> _What the exercise asks_: Leave the images out. Give every line below again, precisely.

> _Recorded data_:
# # #

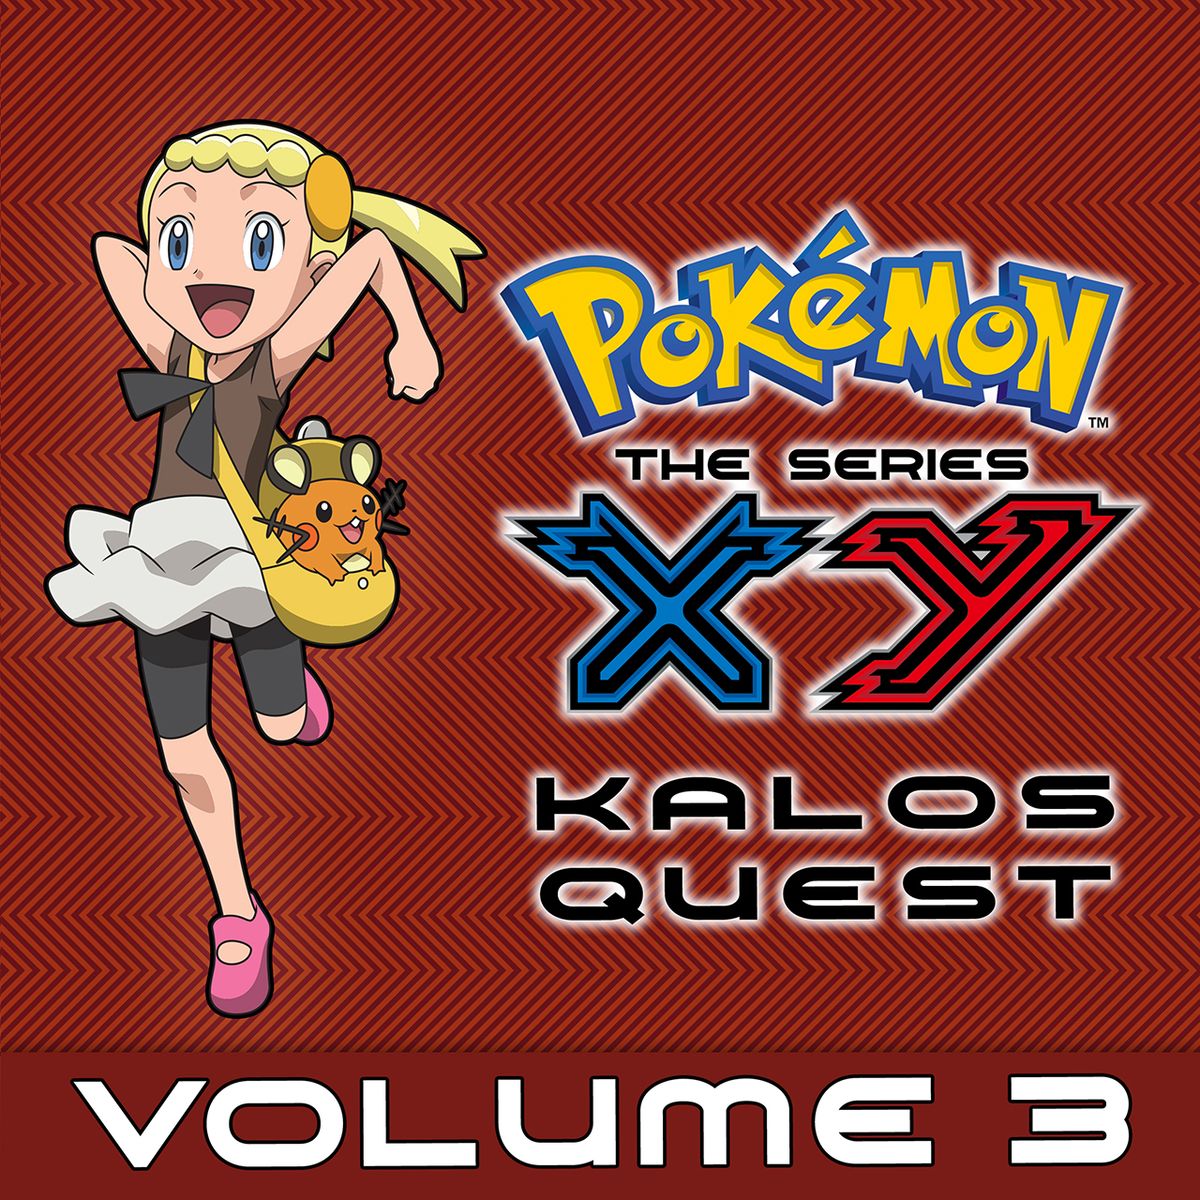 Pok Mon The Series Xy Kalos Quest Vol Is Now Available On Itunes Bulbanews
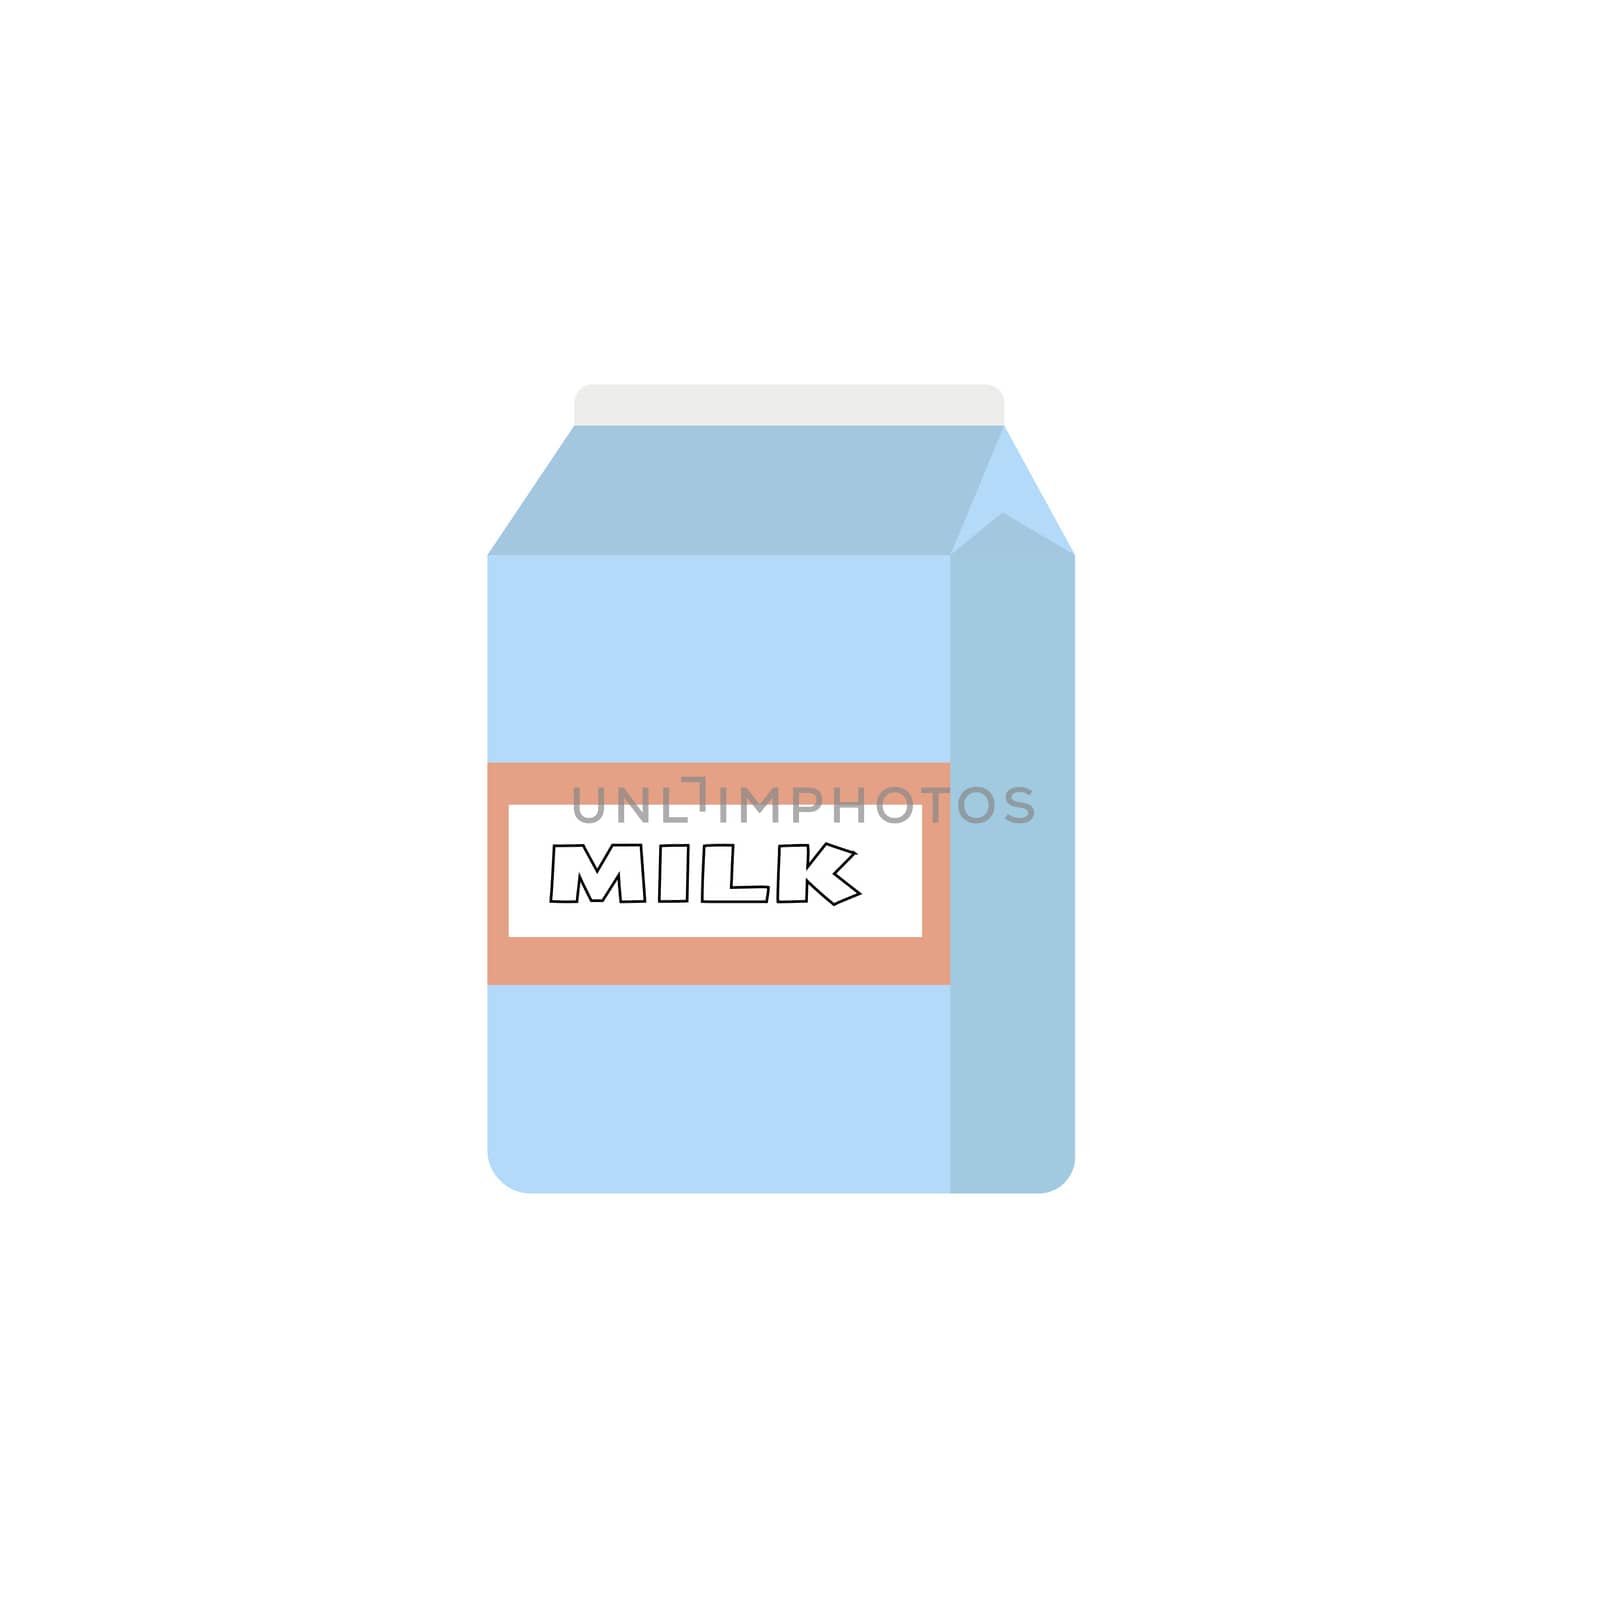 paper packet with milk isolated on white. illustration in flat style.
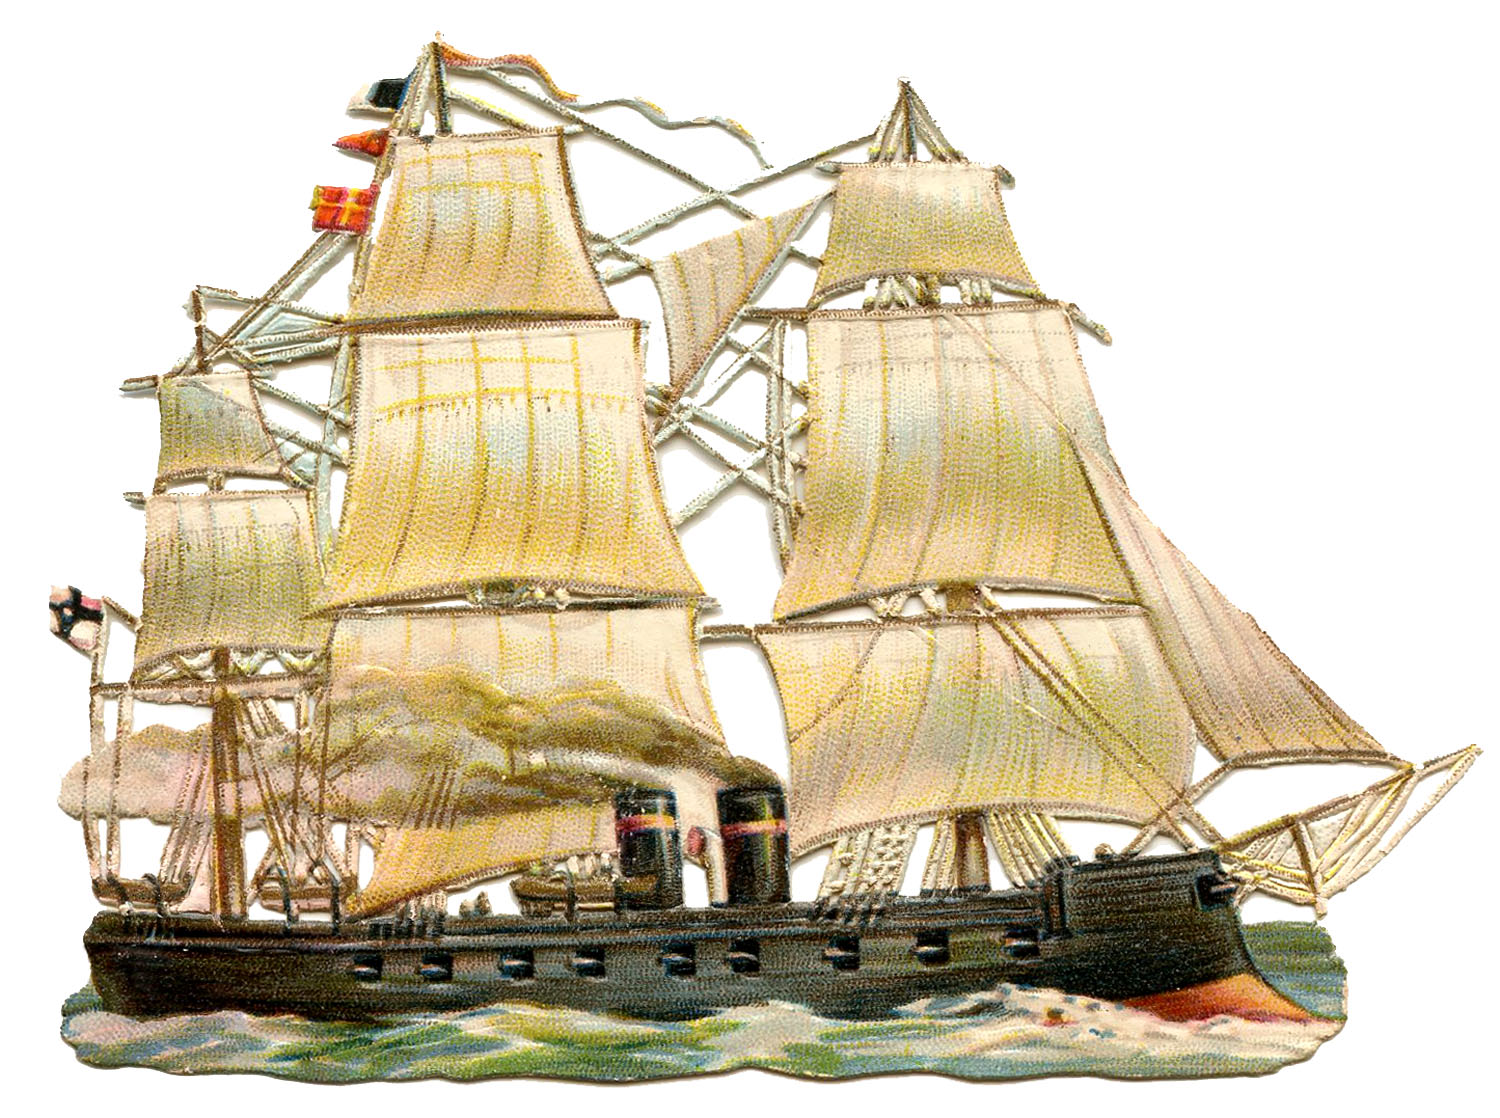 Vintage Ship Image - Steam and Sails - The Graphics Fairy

# # #

> _Exercise response_:
 Pok Mon The Series Xy Kalos Quest Vol Is Now Available On Itunes Bulbanews
 paper packet with milk isolated on white. illustration in flat style.
 Vintage Ship Image - Steam and Sails - The Graphics Fairy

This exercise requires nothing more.